Sparse Join Indexes and Tactical Queries | Database Design | Teradata Vantage - Sparse Join Indexes and Tactical Queries - Advanced SQL Engine - Teradata Database

Database Design

Product
Advanced SQL Engine
Teradata Database
Release Number
17.05
17.00
Published
June 2020
Language
English (United States)
Last Update
2021-01-22
dita:mapPath
qby1588121512748.ditamap
dita:ditavalPath
lze1555437562152.ditaval
dita:id
B035-1094
lifecycle
previous
Product Category
Teradata Vantageā„¢

Join indexes are particularly useful for tactical query applications. Join and Hash Indexes discusses join indexes more fully, but one interesting join index approach that is worth highlighting here for its relevance to tactical queries is the sparse join index.

Sparse join indexes include only a subset of a base table rows in their definition, using a WHERE clause to determine which base tables rows are retained and which are not (see Sparse Join Indexes). Sparse join indexes are quicker to build, faster to scan, and take up less disk space, depending on the degree of sparseness. Like all join indexes, sparse join indexes support single-AMP access when based on their primary index definition.

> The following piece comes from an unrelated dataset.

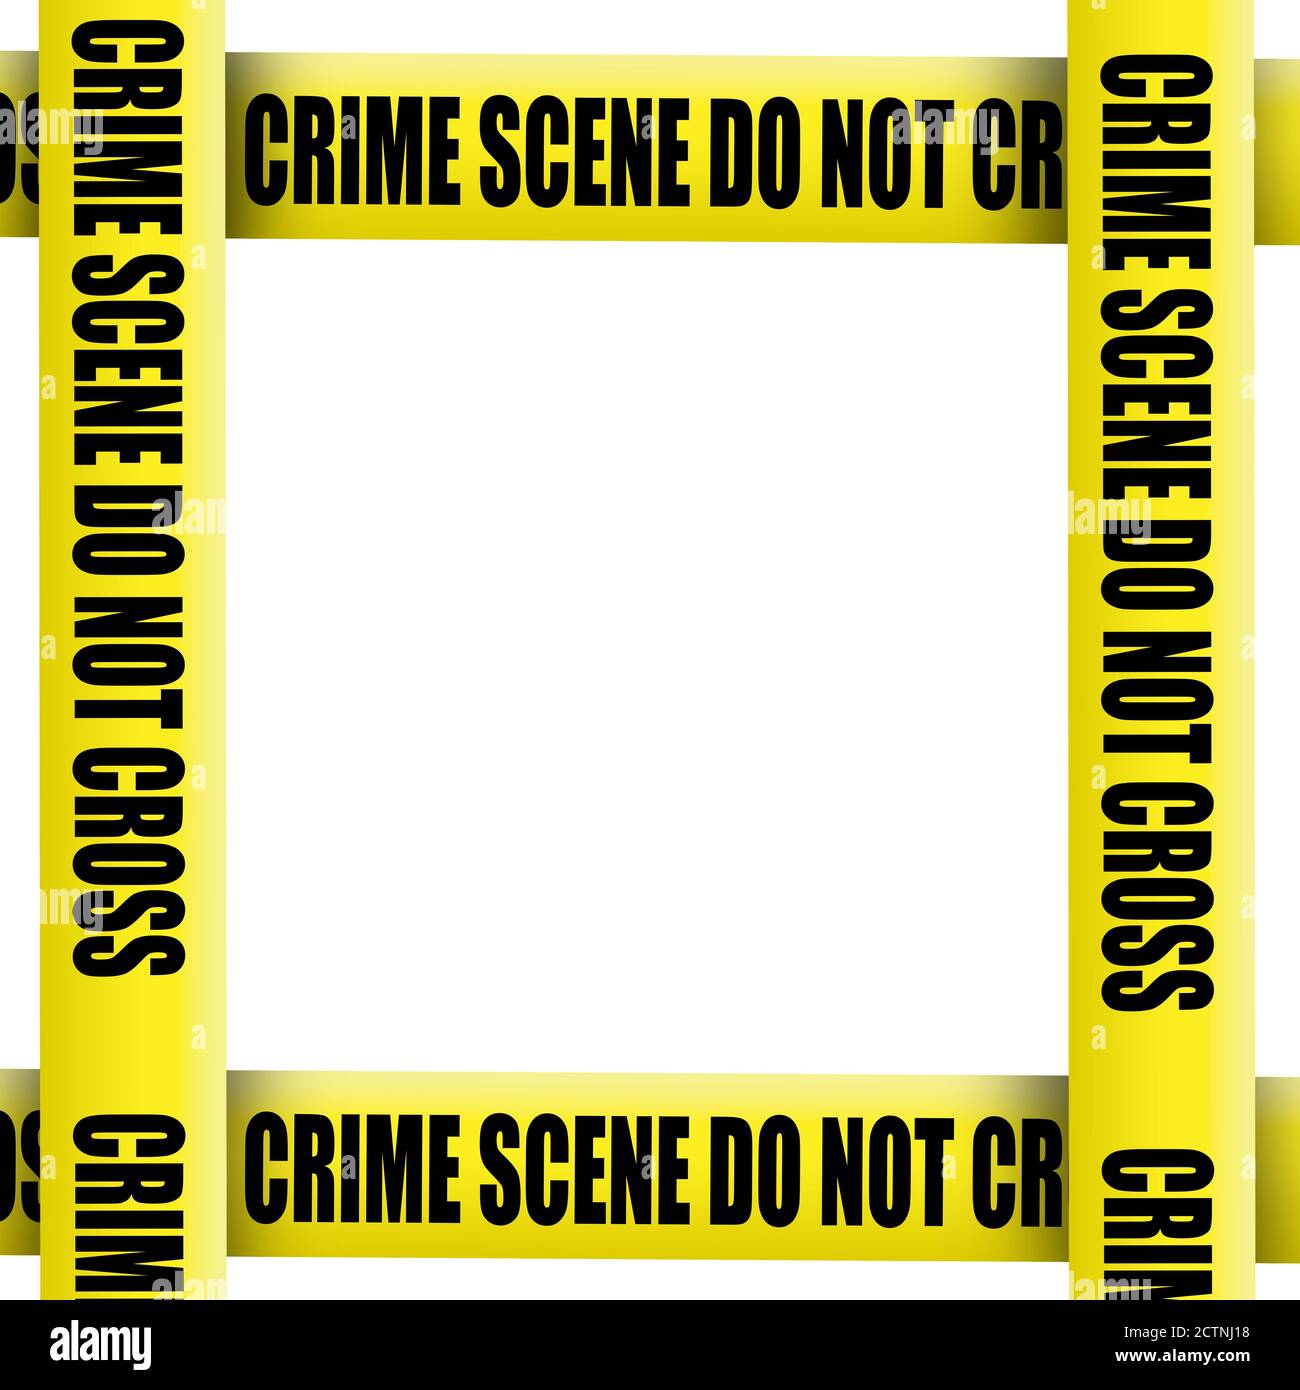 Crime scene tape frame Stock Photo - Alamy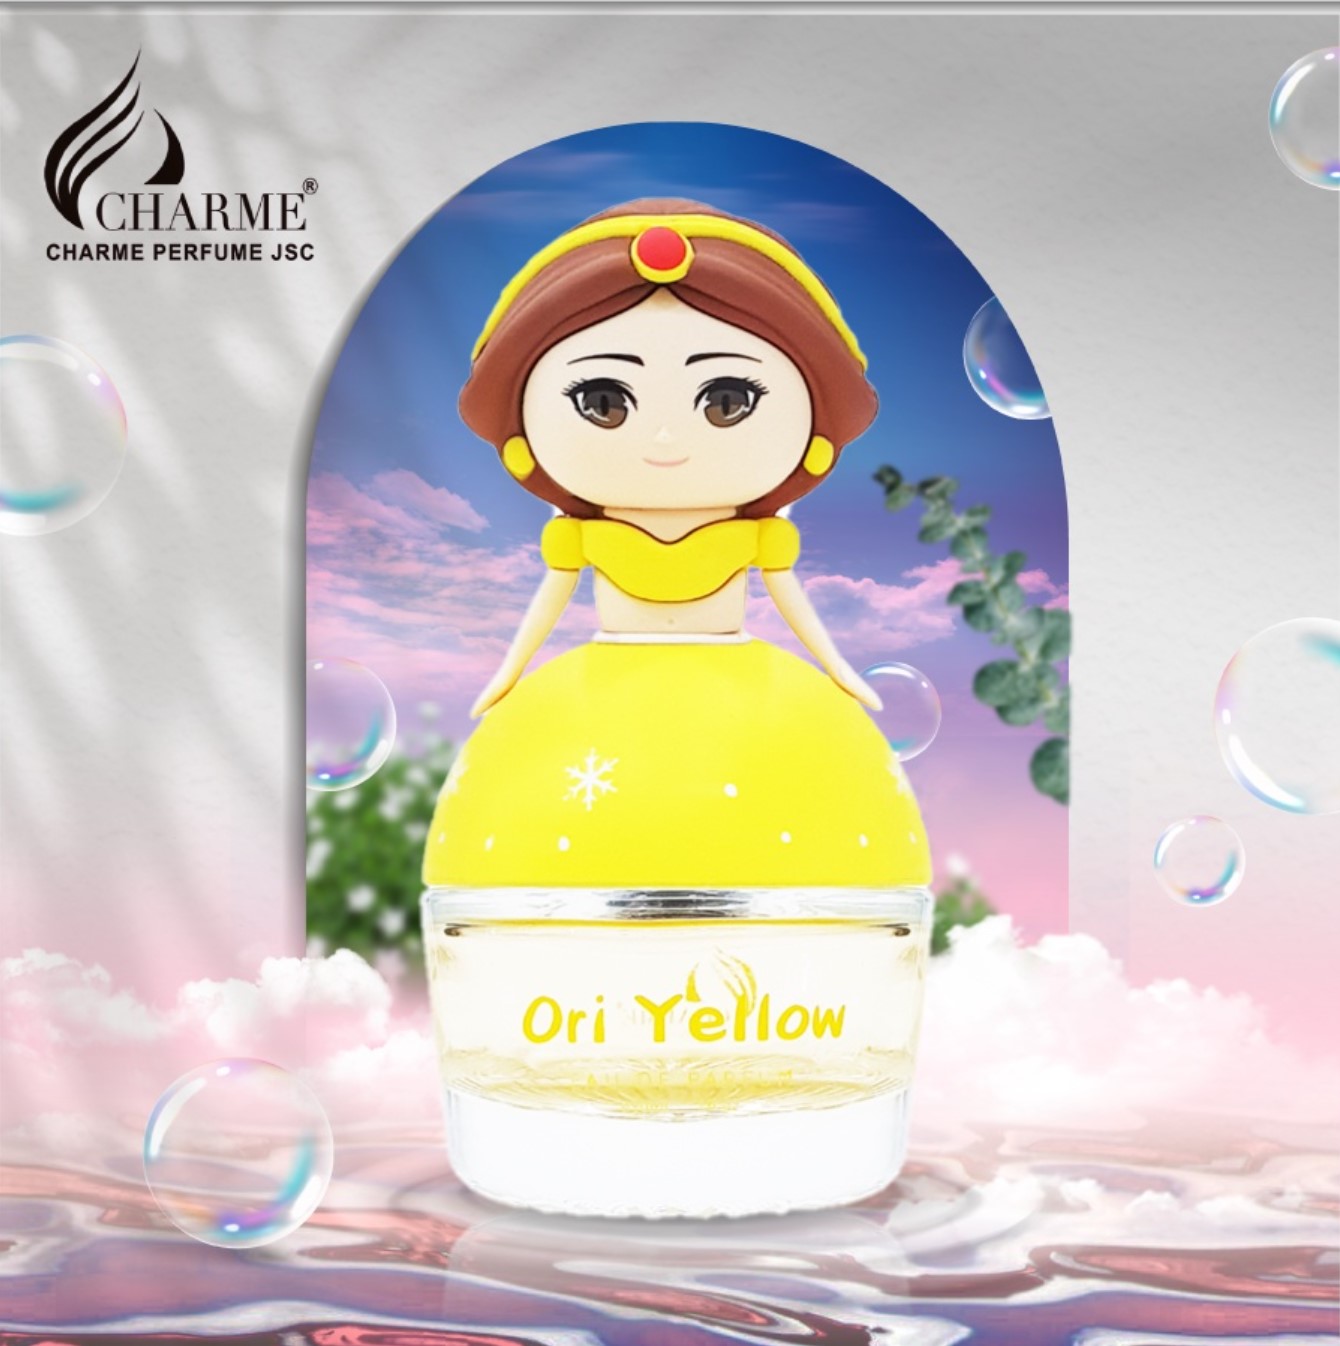 Dầu thơm cho bé Charme Ori Yellow 30ml nhẹ nhàng ngọt ngào an toàn tạo điểm nhấn cho bé trong buổi tiệc

Sparse Join Index Defined on One Row Partition

A partitioned primary index can be defined on a join index as long as the index is not row compressed. You can also define a sparse join index on only one row partition of a row-partitioned base table by expressing sparseness-defining criteria that match the borders of the row partition.

Building sparse join indexes on row partitions of row-partitioned tables that support single-AMP access is frequently useful for situations in which tactical queries always have both the sparse-defining column (in this example, a date range that matches one row partition) and the primary index value (in this example, the store identifier) of the sparse join index. Of course, the tactical queries also need to be accessing a similar subset of columns from the base table: the ones carried in the sparse join index.

A different sparse join index could be built independently on several different row partitions of the same row-partitioned table. As long as each query specifies a constraint that matches the sparse-defining columns for one of those sparse join indexes, the Optimizer can choose the appropriate one to use for the query.

The appropriate primary index for a sparse join index depends on what values the tactical queries specify when they are submitted.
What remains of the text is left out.